= Firdous Azim =

Bangladeshi academic

Firdous Azim is a professor of English at BRAC University, a literary critic, and a women's rights activist. She is the chairperson of the Department of English and Humanities at BRAC University. She is a member of Naripokkho.

== Early life ==
Azim completed her master's degree in English from the University of Dhaka in 1976. She joined the University of Dhaka as a lecturer in 1978. She completed her PhD from the University of Sussex in 1989. She was married to Bashirul Haq, an architect.

== Career ==
Azim worked at the University of Dhaka till becoming a full professor in the English Department. She joined BRAC University in July 2004.

Azim published her book, The Colonial Rise of the Novel, in 1993 through Routledge. The books examines 18th century novels through feminist and post colonial lenses.
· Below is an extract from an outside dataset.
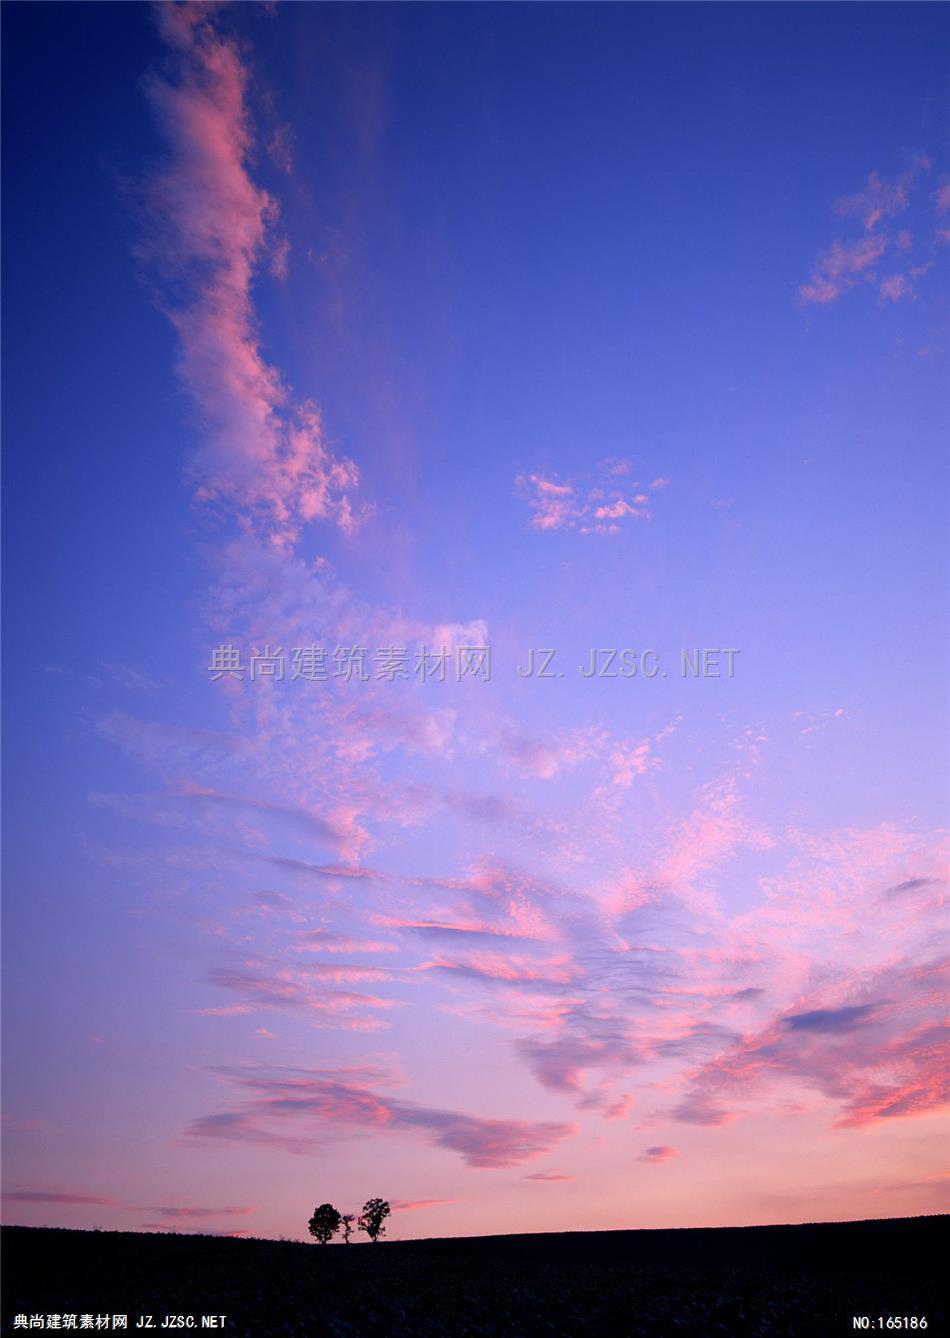 高清夕阳晚霞天空素材A (85) 天空配景精美天空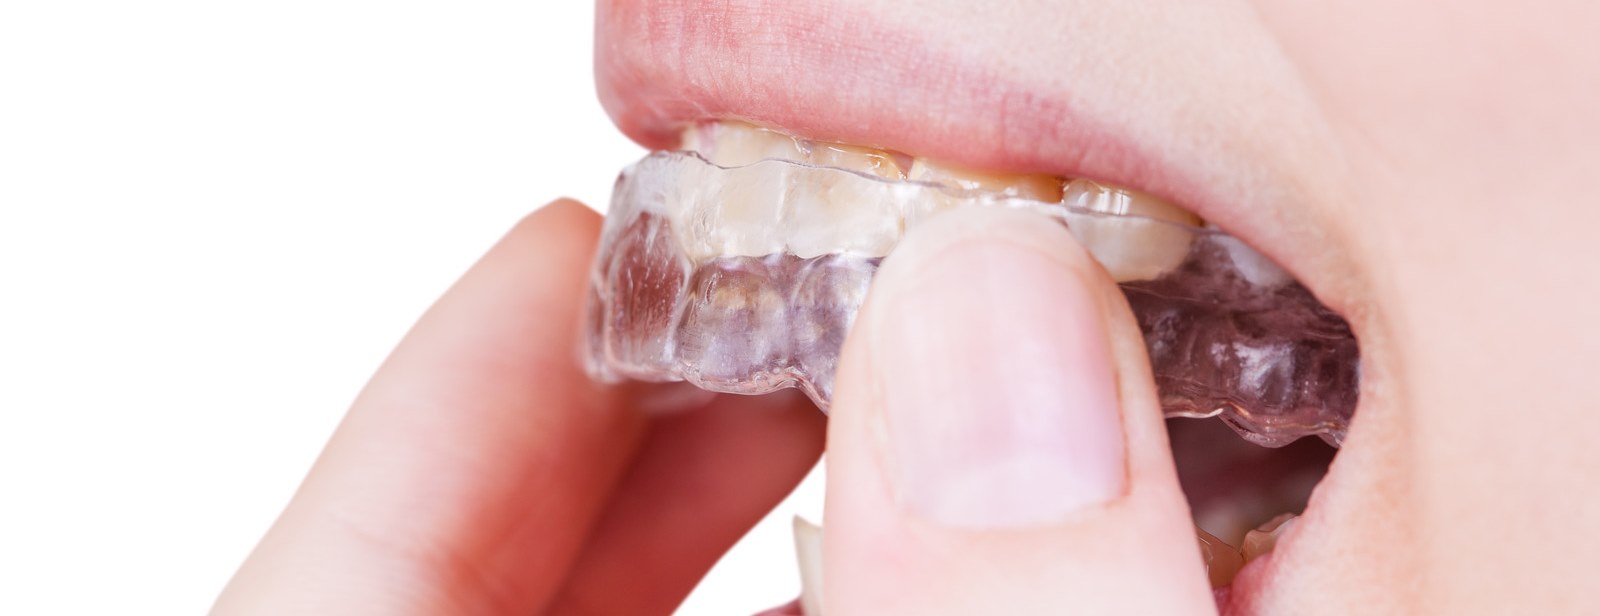 Ortodonzia Invisibile Centro Dentale Parmense | Dentisti in Parma: speciali mascherine dentali trasparenti rimovibili

In June 1994 she published "Lost in India: The Stories of Kim and Gora" in the journal of the Bangla Academy with Professor Kashinath Roy of the University of Dhaka.

In 1996, Azim edited, along with Niaz Zaman, Infinite Variety: Women in Society and Literature through The University Press Limited.

Azim, along with Niaz Zaman, edited Different Perspectives: Women Writing in Bangladesh in 1998.

Azim presented her paper, Feminist Struggles in Bangladesh in Creating Collective/Doing Transnational Politics at the European Social Forum, on 16 November 2004 and this paper was later published in the Feminist Review in July 2005.

Azim wrote Women and religion in Bangladesh: new paths for Open Democracy on 19 December 2007. In March 2008, she moderated a discussion on Stories of Change documentary.

Azim moderated a session of the 2012 Hay Festival. She spoke in the Commonwealth Writers Conversation: The Untold Story session of the 2013 Hay Festival. In March 2013, Azim edited Complex Terrains: Islam, Culture and Women in Asia for Routledge.

Azim hosted a panel at the 2014 Hay Festival in which she spoke with Zia Haider Rahman about his new novel, In the Light of What We Know. In 2015, she taught at the Umea Centre for Gender Studies in Umeå University.

On 11 August 2016, Azim presented the Nari O Sahitya colloquium at the Central Women's University. She was a judge at the 2016 Commonwealth Short Story Prize.

Azim served as a jury DSC Prize for South Asian Literature of 2018. Azim attended the launch of Resonance a literary journal of BRAC University in October 2019. In March 2019, she signed an open letter with a group of other activists accusing the government of Bangladesh of cowardly action for forcefully canceling a talk between Shahidul Alam and Arundhati Roy in Dhaka.

Azim is member of the Board of Trustees of Bangladesh Freedom Foundation. She is an editor of the Feminist Review and member of the Naripokkho and Inter-Asia Cultural Studies Society. She is the leader of Naripokkho's The Forgotten Women of 1971 project. On 26 November 2020, she spoke at the Curriculum Integration (CI) Program of the University of Liberal Arts Bangladesh. Azim signed a petition with 41 other academics calling on the government to form a Supreme Judicial Council to investigate allegations against the Bangladesh Election Commission. She attended a session, Women Representing Women, on the second day of the 'English JUbilee Lit Fest 2021' at Jahangirnagar University in March 2021. In October 2021, she signed a letter with 46 other academics condemning attacks on Hindu religious minorities in Bangladesh.

Azim wrote the introduction of the 2022 book Inherited Memories: Third-Generation Perspective on Partition in the East by Zubaan. She is part of the research team for The Gendered Price of Precarity: Workplace Sexual Harassment and Young Women's Agency which is an ongoing project of The British Academy.